Static RAM (SRAM) (SRAM): because the design's Forth language processing unit does not have on-chip memory, so need to adopt static RAM (SRAM) to expand external memory storage.This Forth language processing unit has 20 address signal lines, the program/data memory addresses space of energy addressing 1M byte, and its address assignment is as shown in the table.
Table 1 Forth language processing unit allocation tables
| Storage address | Purposes |
| ??00000-7FFFF | Static RAM (SRAM) (SRAM) |
| ??80000-DFFFF | Do not use |
| ??E0000-EFFFF | The EPROM expansion |
| ??F0000-F7FFF | DPRAM |
| ??F8000-FFF7F | Memory mapped I/O, by expansion interface /IOE control |
| ??FFF80-FFFFF | Do not use |
The Forth language processing unit: the Forth language processing unit of realizing based on FPGA is the core of pulse train programmable device, this unit is made up of data stack and return stack, arithmetic/logic unit, stream instruction control unit, interruptable controller, time controller, value decoding scheme, multiplier, I/O interface and internal register, and its inner structure as shown in Figure 2.Each module all is to use hardware description language-VHDL to realize that in conjunction with the private resource of FPGA inside the performance period of every instruction in this Forth language processing unit is divided into following four-stage: get fingers-decoding-according to sequential requirement execution corresponding operating-return result.

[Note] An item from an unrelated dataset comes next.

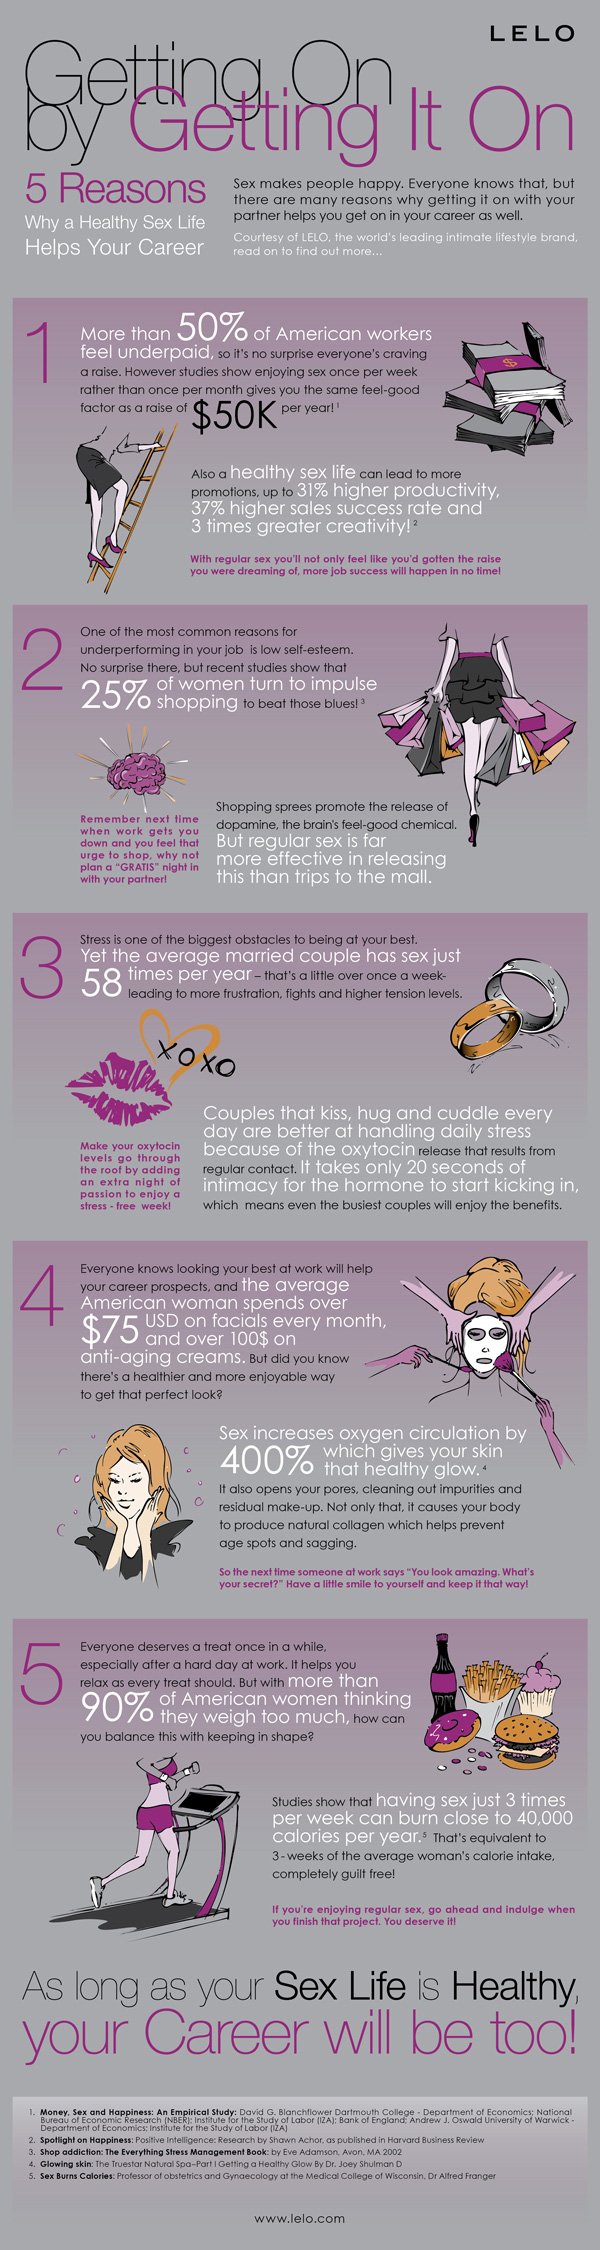 LELO Infographic - Getting On by Getting It On

When the instruction cycle begins, at first get and refer to operation, instruction is taken out from storer at the rising edge of first clock period, subsequently according to concrete instruction, state controller and decoding unit (the two is called control module again) can produce corresponding microoperation order, under the synchronous effect of clock, each register, data stack (Data Stack), return stack (Return Stack), the alu unit, multiplier or other internal resource begin action, carry out corresponding reading, write, computing, operations such as counting, when the instruction cycle will finish, also the result of instruction to be write corresponding target ground, and then finish command function.In each internal resource executable operations, under the control of controller, if present instruction is a sequential instructions, the address of next bar instruction is written into programmable counter (program counter), places it on the address bus again in the suitable moment then; If present instruction is the function call instruction, before with next bar instruction address write-in program counter, the value of current program counter need be saved in return stack, so so that program can obtain correct return address when returning.When interrupting taking place, also need to preserve current pc value to return stack.After present instruction was finished, an instruction can be taken off according to the value that occurs on the address wire automatically by system from storer, and so repeatedly, system is able to steady and continuous ground and carries out.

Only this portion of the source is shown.